Zilberman-Itskovich et al. conduziram e relataram os resultados do primeiro estudo exploratório de fase II prospectivo, randomizado, duplo-cego e controlado por simulação. Eles descreveram interações significativas de grupo por tempo na função cognitiva global, atenção e função executiva. Esses achados foram consistentes com melhorias significativas na perfusão cerebral por ressonância magnética-DTI e alterações microestruturais. Esses resultados indicam que a OHB pode induzir neuroplasticidade e melhorar os sintomas cognitivos em pacientes com COVID-19 de longa duração.

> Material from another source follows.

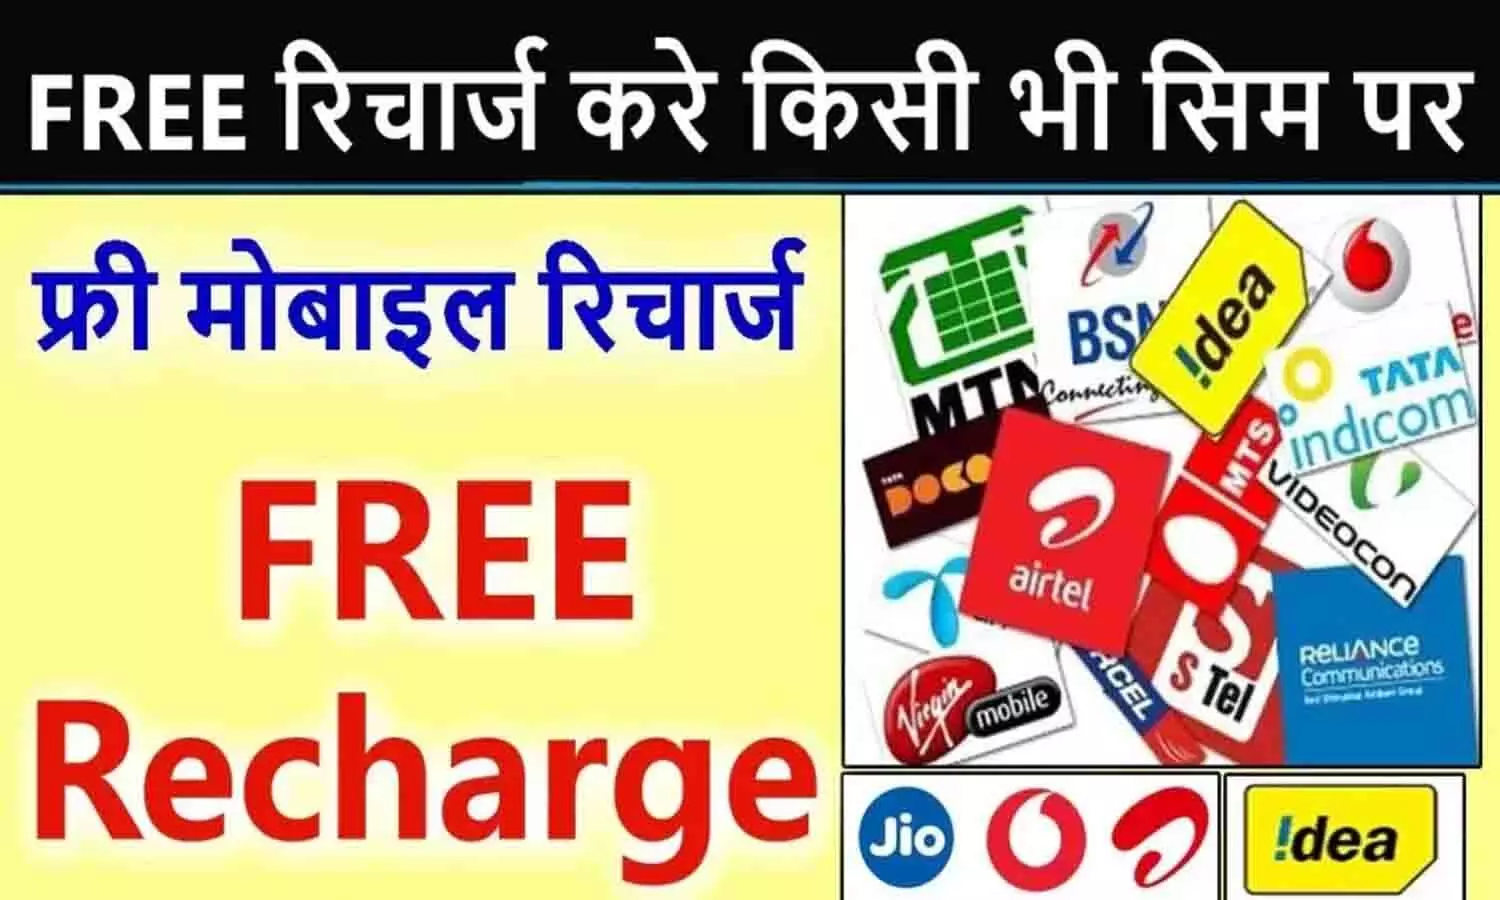 Bazartak Free Recharge: बड़ा ऐलान! Jio, Airtel, Vi और BSNL के ग्राहकों को मिलेगा मुफ्त मोबाइल रिचार्ज? फटाफट उठाएं फायदा...

Catalogna et al. realizaram uma análise de subgrupo com base na mesma população. Nas imagens estruturais e funcionais de ressonância magnética-DTI, foram observadas alterações longitudinais observáveis na conectividade da rede cerebral, acompanhadas de recuperação cognitiva e emocional. Além disso, o aprimoramento cognitivo associado à OHB alinha-se com a reorganização e recuperação de modalidades de conectividade dentro de redes expansivas de controle cognitivo. Depois de examinar a associação entre os escores cognitivos e psiquiátricos, a conectividade funcional aprimorada e os parâmetros de eficácia estrutural do circuito da amígdala podem refletir a melhora dos sintomas psiquiátricos. Os autores concluíram que a OHB contribui para a restauração dos tratos da substância branca e altera a organização da conectividade funcional das vias neurais correlacionadas com a recuperação cognitiva e emocional em pacientes com COVID longa. Eles indicaram o uso da análise de conectividade estrutural e funcional como ferramenta de seleção para monitorar a elegibilidade e resposta da OHB.
Discussão
Atualmente, a OHB não está incluída nas diretrizes de tratamento da COVID-19; no entanto, mostra benefícios potenciais no tratamento das sequelas da COVID-19. A pesquisa existente indica melhora significativa nas condições clínicas em vários parâmetros, incluindo qualidade de vida, condição física geral, memória de trabalho, concentração e função cardiopulmonar. Além disso, a pesquisa demonstrou a eficácia da OHB no alívio e melhoria do comprometimento cognitivo entre pacientes pós-COVID-19. Essas melhorias estão potencialmente associadas à neuroplasticidade induzida e à redução da neuroinflamação. Além disso, alguns pesquisadores relataram que essas melhorias clínicas se correlacionaram com alterações da neuropatia.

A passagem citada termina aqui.